Created Apr 25, 2026openspec/changes/add-polyfill-connector-system/design-notes/claude-code-codex-connectors.mdView on GitHub →

Status: implemented 2026-04-19. Both ingests currently in flight against real data. Motivation: capture the user's coding-agent session history as first-class, query-able personal data. These are the richest source of "what have I been working on" for an engineer, and they already live on-disk in a parseable form.

What each source looks like

Claude Code (`~/.claude/projects/<encoded-path>/*.jsonl`)

One jsonl per session, named by session UUID.
Directory is projects/ with one subdir per cwd (the slashes are replaced with dashes).
Lines have type ∈ {user, assistant, attachment, file-history-snapshot, permission-mode, last-prompt} and UUIDs with parentUuid for threading.
Session metadata (cwd, gitBranch, version, userType, entrypoint) is discovered from any line that carries it.
User's install had 2.2 GB across 46 project directories at the time of implementation.

Codex (`~/.codex/sessions/YYYY/MM/DD/rollout-*.jsonl`)

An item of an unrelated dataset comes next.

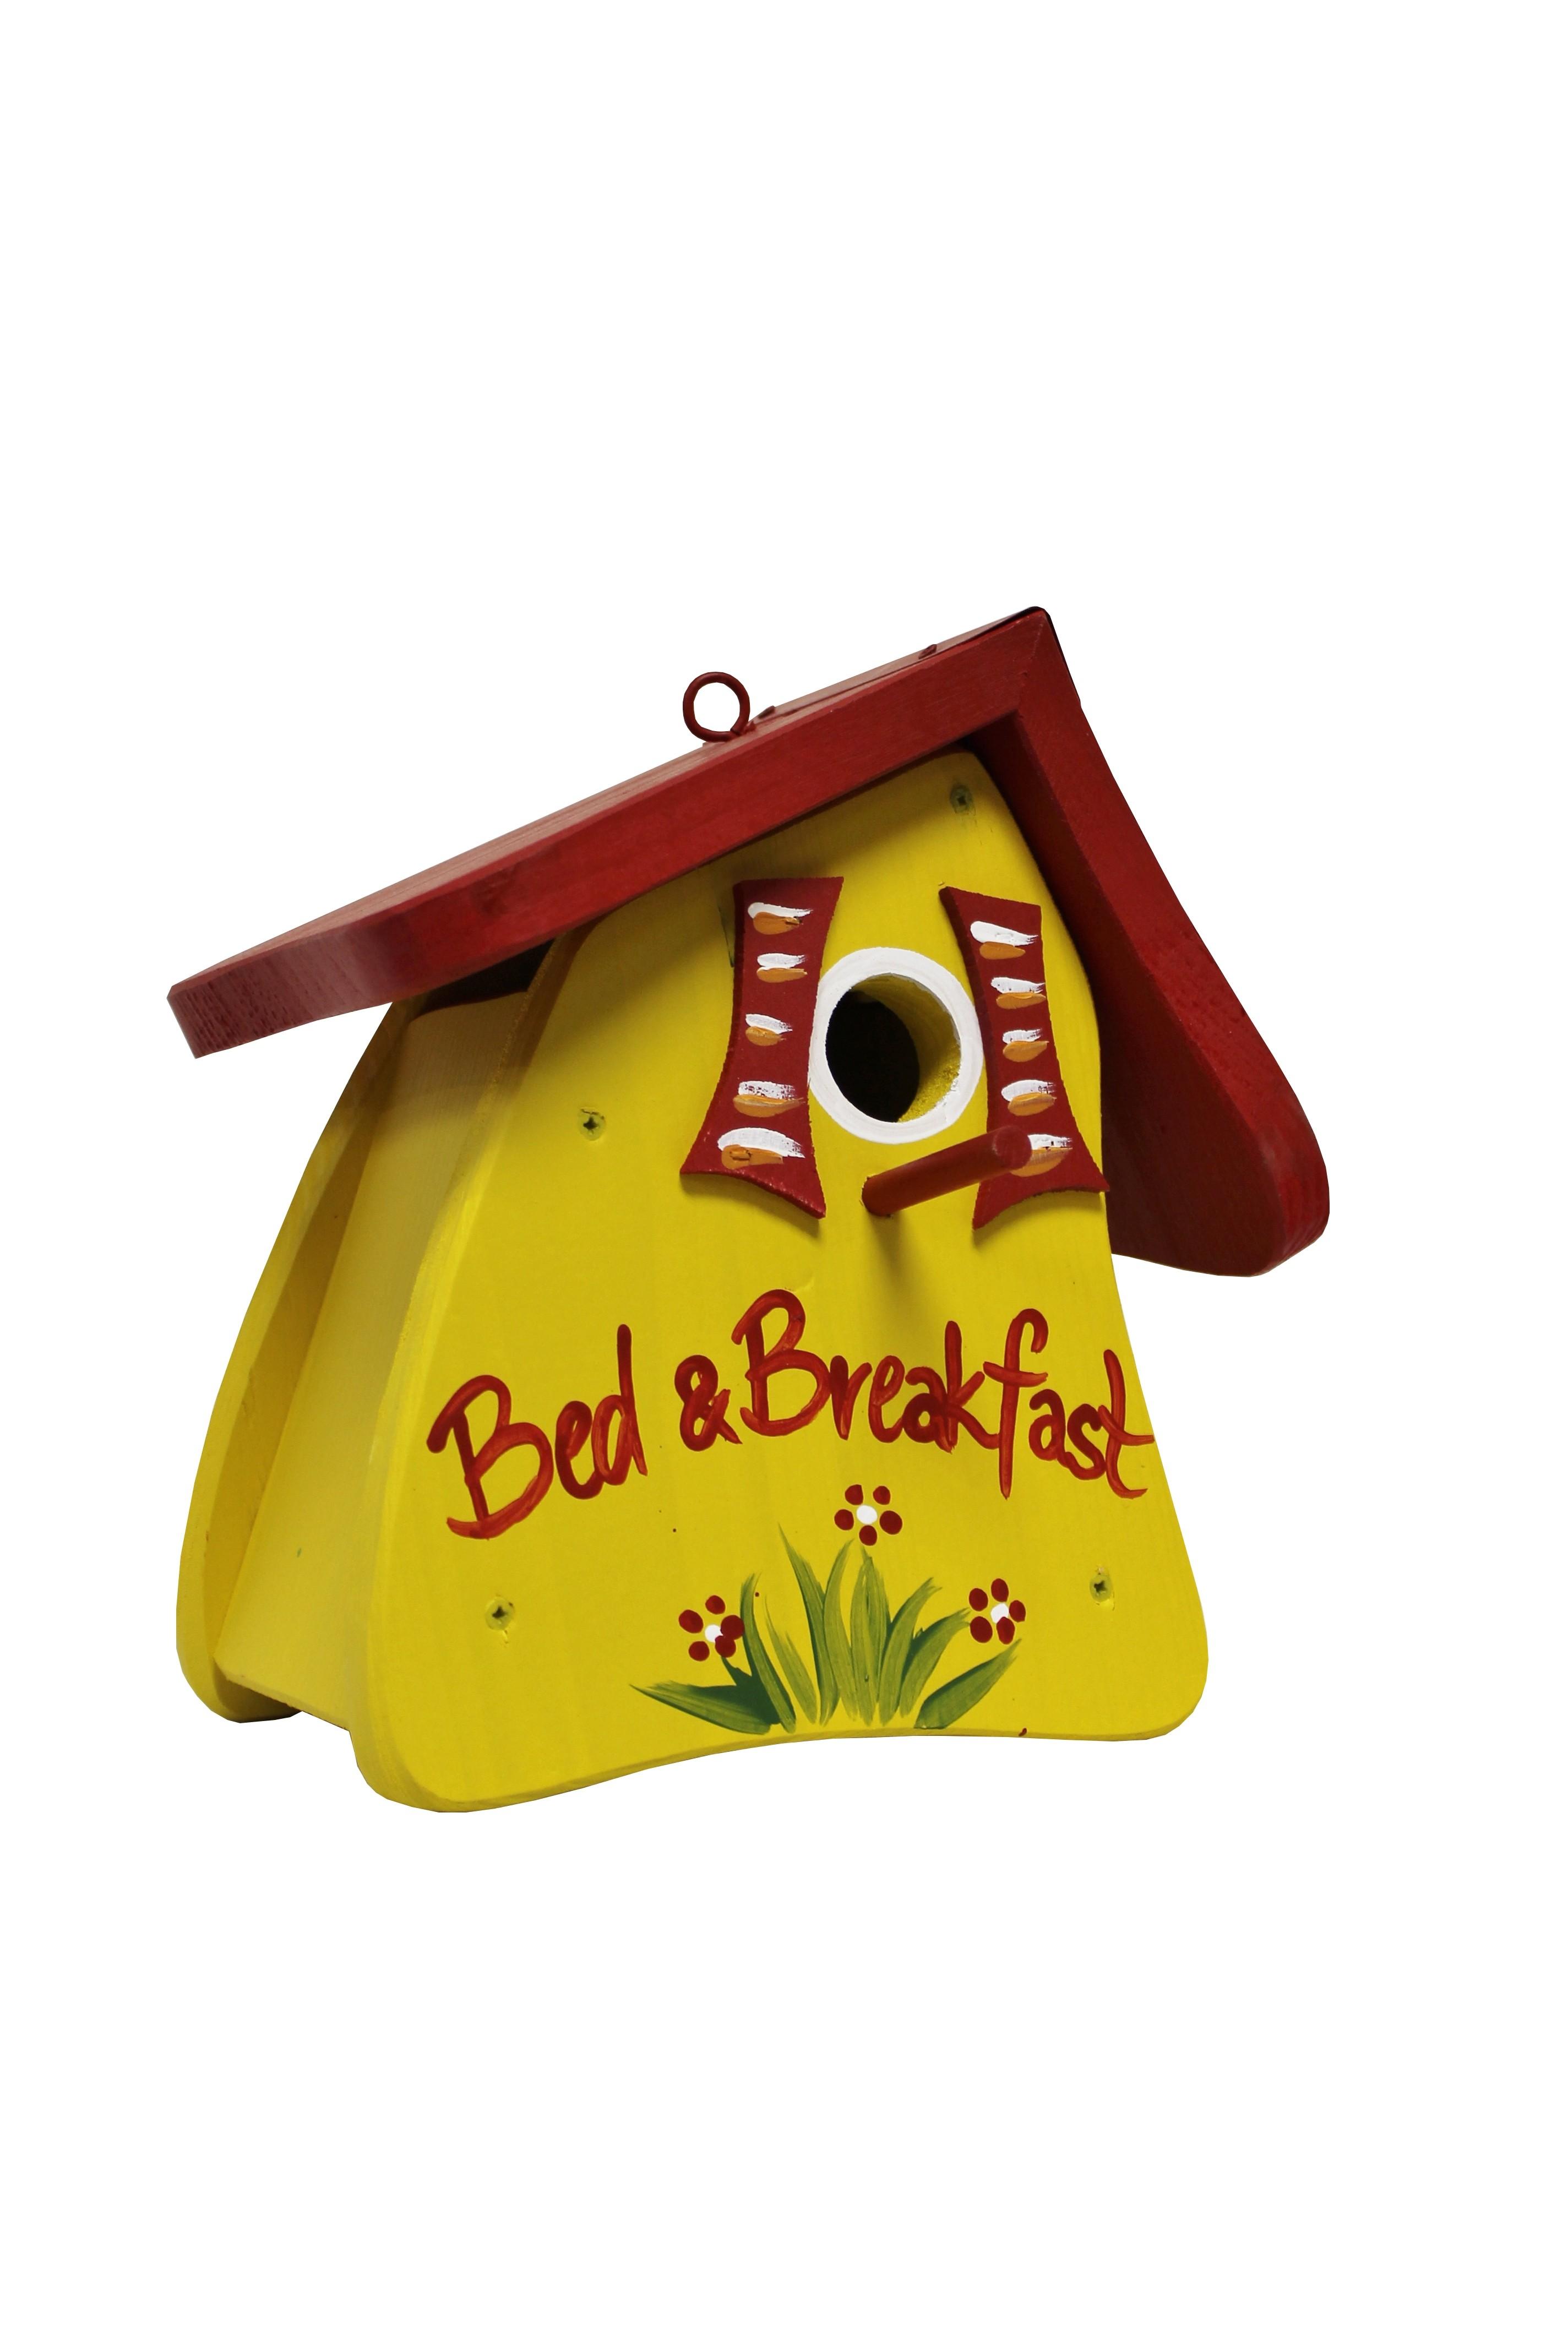 Bed & Breakfast Nistmini von Die Vogelvilla

One jsonl per session, named rollout-<iso-timestamp>-<uuid>.jsonl, organized by date.
First line is {type: "session_meta", payload: {id, cwd, originator, cli_version, model_provider, git: {commit_hash, branch, repository_url}, ...}}.
Remaining lines are {type: "response_item", payload: {type, ...}} where inner type is one of message | function_call | function_call_output | reasoning.
Reasoning items have encrypted_content (opaque); we record their existence via session stats but skip the payload.
User's install had 751 MB across 191 rollouts.

Schema decisions

Three streams each, following Claude Code's shape for consistency where possible:

Claude Code: sessions, messages, attachments. Codex: sessions, messages, function_calls.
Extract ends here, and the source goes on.